To my MiL, the prospect of being on her own overnight was terrible. My FiL had a career that meant this only happened around three times in their 40 year marriage so it was a huge deal.
It followed that when my DH was working away, she would call me every night, to check I was ok and offer to have me to stay or alternatively, both of my PiL would come to me. I was very short with her and after a year or so, didn't answer her calls or return them. The message seemed to be sinking in until DC began to arrive and her mission began in earnest again. I ignored. She told DH he should find alternative employment since his job involved travel and that was not on with DC on the scene! She was saying/doing all this from the direction of her own neediness, not manipulation, all be it hugely misplaced.
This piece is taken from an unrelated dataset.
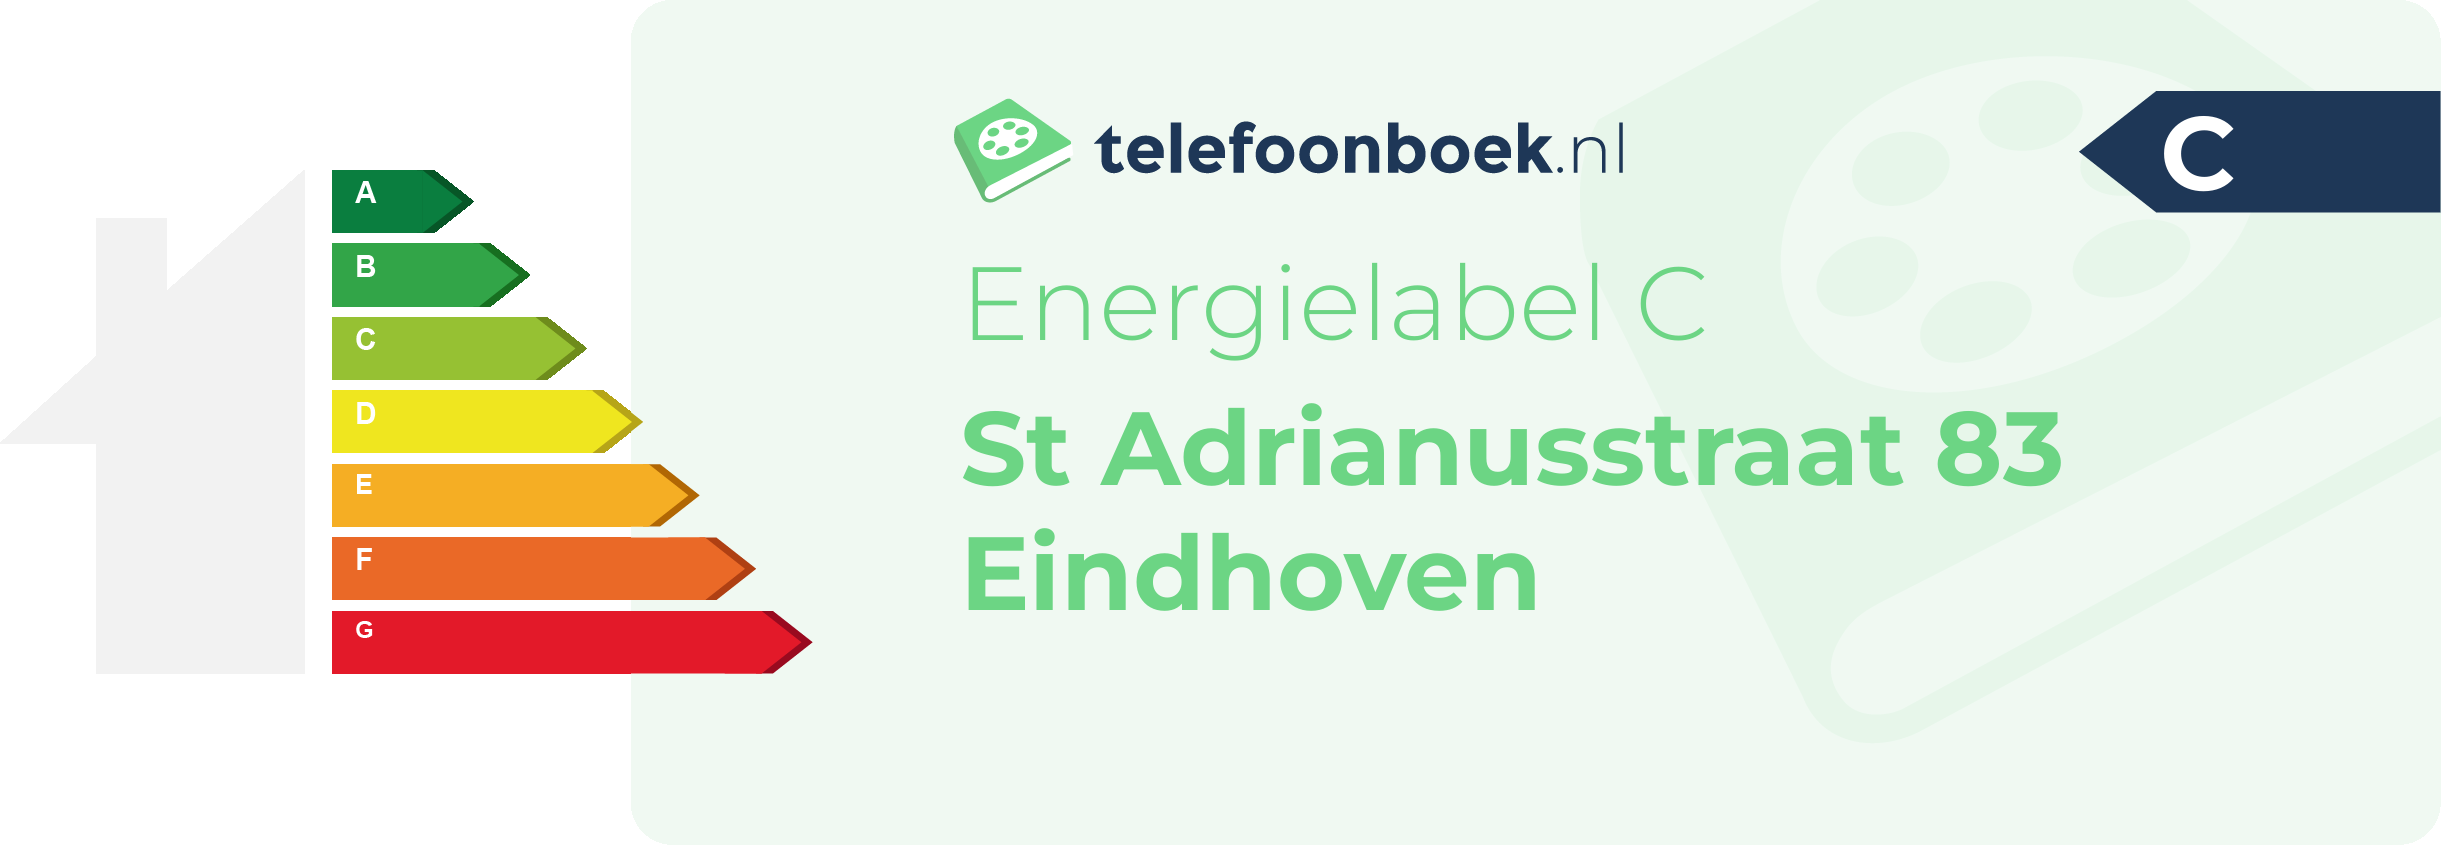 Energielabel St Adrianusstraat 83 Eindhoven

It was the way she felt, and she was unable to believe for many years that for me, not only was it fine, I actually relished being able to slob out and do things in a totally selfish manner.
I realise phone calls are very different to turning up. The ops Mil is out of order, but I do think she could be projecting her own neediness in her behaviour to the op.

ItsNachoCheese · 15/06/2017 18:49

Id get a double lock on my door to stop her getting in 😂

AmberStClare · 15/06/2017 18:49

frogs he used to take a plate of cheese and biscuits to bed with him if he had been out for an evening, made by MIL of course. He didn't take long to lick into shape and turn into a normal functioning adult.

OP posts:
NilesCrane · 15/06/2017 18:49

I don't know anyone in RL who would even consider travelling a two hour train journey, relying on getting keys from NDN and planning to stay over night in someone else's house.

Me neither.

Didiusfalco · 15/06/2017 18:50

Oh she sounds like a nightmare- don't back down though, it will only encourage her.

debbs77 · 15/06/2017 18:51

I'm gobsmacked!!! Well done to you though!